# Question



## IDfishinUT (Aug 8, 2008)

What is y'all opinion on using .270 90 gr Sierra HPs or 100 gr speer SP for coyotes? I am thinking of using them on coyotes.


----------



## mikevanwilder (Nov 11, 2008)

I'm sure they would work, probably not have very good pelts when your done but should kill one pretty good.


----------



## Huge29 (Sep 17, 2007)

That should kill em real good! 
Mike-that is what you should use to guarantee no runners after hitting them. :mrgreen:


----------



## mikevanwilder (Nov 11, 2008)

Nah I use my 243 when I really want to put them down! :mrgreen:


----------



## Huge29 (Sep 17, 2007)

mikevanwilder said:


> Nah I use my 243 when I really want to put them down! :mrgreen:


Fine, but it is easier when you can throw the sling on and grab one half of the body in one hand and the other half in the other; a lot easier on your arms. :mrgreen:


----------



## mikevanwilder (Nov 11, 2008)

True!


----------



## Al Hansen (Sep 7, 2007)

I had a cousin that shot the 90 grner's on P-dogs and hunted deer with the same rifle. He could really shoot that thing. Made an ugly mess of a P-dog. Major damage to a yote I'm sure. No run off's. :wink:


----------



## BPturkeys (Sep 13, 2007)

I think it is a VERY VERY POOR choice! The ballistic coefficient is so bad on these bullets that any shot taken in even a slight wind would be tough to make beyond a couple hundred yards. Use a good BTHP target bullet in the range of 130-150 grains for best results with a .270 Win.


----------



## 10yearquest (Oct 15, 2009)

The ballistic coeffiicient ona sierra 90 grain is .195. That is pretty bad. if you get into the 100 to 110grain bullets it comes up to .3-.370 the hornady Vmax in 110 grains would be a good chioce. Personally I have witnessed a coyote hit in the chest with a .270 140 grain bullet and it ran off. The bullets energy was wasted on the hill beyond. We caught up to it about 60 yards later and it was slammed to the ground by a 60 grain partition through its guts. the pelt was ruined. Check out the bullet makers web sites to find a bullet you like. I think that you must always no matter the caliber match the bullet to the game. 
A 22 cal varmint bullet does more damage to a rabbit than a 300 grain hornady xtp out of a muzzloader. The same varmint bullet could not begin to kill an elk.
Light game like a coyote needs a light, quick expanding bullet.


----------



## Loke (Sep 7, 2007)

BPturkeys said:


> I think it is a VERY VERY POOR choice! The ballistic coefficient is so bad on these bullets that any shot taken in even a slight wind would be tough to make beyond a couple hundred yards. Use a good BTHP target bullet in the range of 130-150 grains for best results with a .270 Win.
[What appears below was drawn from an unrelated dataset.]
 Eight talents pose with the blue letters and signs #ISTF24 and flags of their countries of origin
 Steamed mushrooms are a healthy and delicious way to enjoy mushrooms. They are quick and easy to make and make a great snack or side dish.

I take it you have never used a varmint bullet in a 270 Winchester. I have shot many thousands of them at everything from potguts to rockchucks. They are every bit as accurate in the wind as the 22 centerfires, and much more devastating when they hit. If it weren't for the heavier recoil they would be perfect in the prairie dog fields. 
By the way, the longest shot I ever made on a potgut was over 600 yards away. With the 60 grain Sierra hollowpoint, B.C. .182. The numbers don't mean much if you know how your rifle shoots.


----------



## reb8600 (Sep 8, 2007)

BPturkeys said:


> I think it is a VERY VERY POOR choice! The ballistic coefficient is so bad on these bullets that any shot taken in even a slight wind would be tough to make beyond a couple hundred yards. Use a good BTHP target bullet in the range of 130-150 grains for best results with a .270 Win.


Like Loke said. It is not that bad in the wind. Also he was asking about using it on coyotes. 99 % of the coyotes I kill are called into less than 100 yds and at leaset 75% of those are less than 50 yds. That bullet in the 270 will work. It will not be fur friendly though.


----------



## BPturkeys (Sep 13, 2007)

Well, not much use arguing with a guy that shoots potguts at 6 hu...hu...hundred yards. Clearly, I am not in that league. 

I do think there will be a few genuine target shooters that might raise an eyebrow or two over Loke's statement that ballistic coeffiicient don't really mean much if ya know your rifle well enough.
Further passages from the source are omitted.